The Virginian-Pilot
                            THE VIRGINIAN-PILOT  
              Copyright (c) 1995, Landmark Communications, Inc.

DATE: Sunday, April 16, 1995                 TAG: 9504180540
SECTION: COMMENTARY               PAGE: J2   EDITION: FINAL 
TYPE: Book Review
                                             LENGTH: Long  :  102 lines

BOOKS IN BRIEF

BAD MANNERS

MARNE DAVIS KELLOGG

Warner Books. 258 pp. $21.95.

``I WOULDN'T have minded so much being filmed if I had been thinner.'' So says Lilly Bennett, after a photographer films her in flagrante delicto with a judge. Lilly is the saucy heroine of Bad Manners, a rollicking mystery by part-time Norfolk resident Marne Davis Kellogg.

After the incident, Lilly quits her job as chief of detectives in a California city and returns to her family's ranch in Roundup, Wyo. She immediately finds employment when someone shoots wealthy neighbor Walter Butterfield during his birthday party.

Although one of Walter's twin daughters confesses to the crime, the other twin is caught with the smoking gun. Writes Kellogg: ``Across from her, behind his desk, was Walter Butterfield from the neck down. Neck up was mostly missing.''

The twins are not the only suspects, though. Kellogg conjures an engaging bunch of other possible killers, including the victim's 6-foot-tall mistress, a rodeo trick rider who used to be a man. Walter's widow has countless lovers, among them one who may be blackmailing her. And a character named Roland, slated to take over Walter's business, is a decadent Englishman with suspicious credentials.

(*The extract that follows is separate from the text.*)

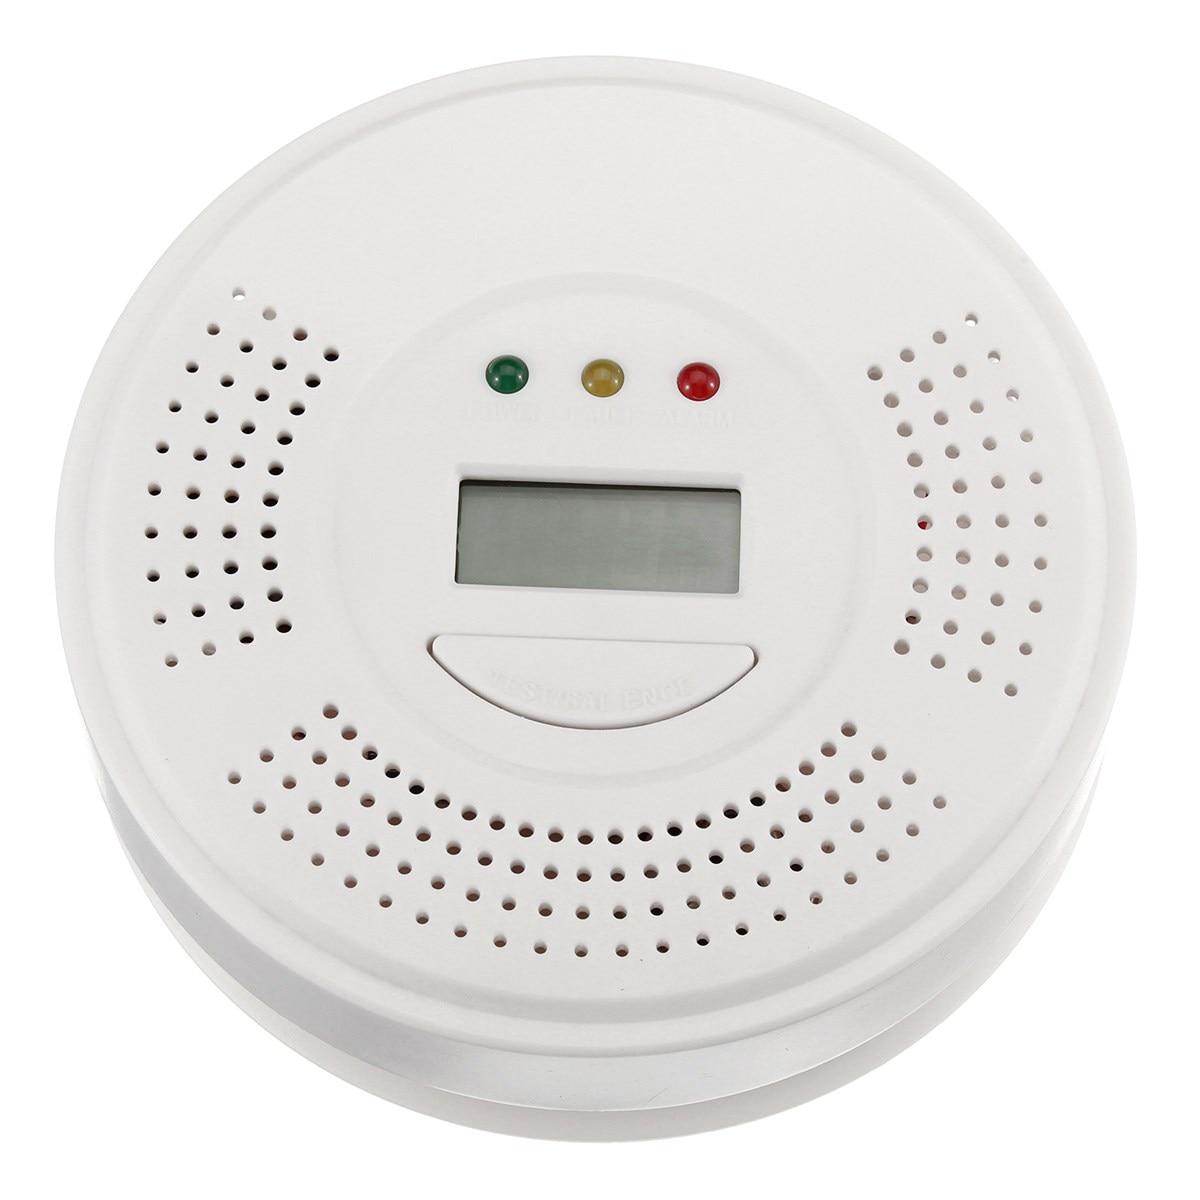 NEW Safurance Audio Carbon Monoxide Detector CO Gas Alarm Warning Sensor Monitor Home Kitchen Security Safety handheld gas detector alarm portable oxygen detector co concentration carbon monoxide monitor 0 999 ppm co gas analyzer meter

Kellogg takes the reader on a lighthearted romp through the ranching West in her first novel. Especially refreshing is her joyful attitude toward love and sex. Although she occasionally reaches for humor, most of Kellogg's writing is smart and delightfully offbeat.

- SHIRLEY PRESBERG

THE DIARY OF A YOUNG GIRL

The Definitive Edition

ANNE FRANK

EDITED BY OTTO FRANK AND MIRJAM

F irst published in 1947, Anne Frank's diary, written between June 12, 1942, and Aug. 1, 1944, has become a beloved and respected classic. It remains an immortal witness to the tragedy of the World War II Holocaust.

Anne spent the ages of 13 to 15 hiding from the Nazis in Amsterdam with her Jewish family and four others. All eight refugees, except Anne's father, Otto Frank, died after their discovery and incarceration.

Anne and her younger sister Margot were moved from Auschwitz to the Bergen-Belsen concentration camp in Germany in October 1944; both sisters died in a typhus epidemic, within a few days of each other, in late February or early March 1945. The British liberated the camp on April 12, 1945.

This new ``definitive'' edition of Anne's diary contains 30 percent more material than the previous one, including notes dealing with her budding sexuality. Anne proves to be, despite her youth, an astute and intuitive observer of the human condition, venting emotions with a sense of humor while studying her own maturation and the complex interactions among the people in the cramped hideout. Deprived of the free world, Anne created a rich world within herself, testimony to the dignity and durability of the human spirit.

``It's utterly impossible for me to build my life on a foundation of chaos, suffering, and death,'' she writes. ``I see the world being slowly transformed into a wilderness, I hear the approaching thunder that, one day, will destroy us too, I feel the suffering of millions. And yet, when I look up at the sky, I somehow feel that everything will change for the better, that this cruelty too shall end, that peace and tranquility will return once more. In the meantime, I must hold on to my ideals. Perhaps the day will come when I'll be able to realize them!''

- RABBI ISRAEL ZOBERMAN

(John Quarstein, director of the War Memorial Museum of Virginia, will speak on ``Remembering the Lessons of the Holocaust: What Have We Learned?'', and Kitty Saks will talk about her family's experience in hiding during the Holocaust, next Sunday, 2 p.m., at Barnes & Noble in Virginia Beach. Call 671-2331.)

THE GENERALS' WAR

The Inside Story of the Conflict in the Gulf

MICHAEL R. GORDON AND GEN. BERNARD E. TRAINOR

Little, Brown. 551 pp. $27.95.

The Generals' War, by military journalist Michael R. Gordon and retired three-star Marine Corps Gen. Bernard E. Trainor, provides a knowledgeable and detailed look at how the Persian Gulf war came about, how the U.S. military hierarchy reacted and how decisions were made and plans created that led to more than 400,000 troops being sent to Saudi Arabia to defeat the Iraqis and drive them out of Kuwait.

During their extensive research for this book, the authors were able to examine many documents previously unavailable because of their secret nature, as well as a vast number of official and unofficial war-related reports. They also interviewed most of those who had important roles in the war, including President Bush and his key advisers. Their interpretation of events, examined in the light of their own experience, presents the most thorough analysis of the war to date.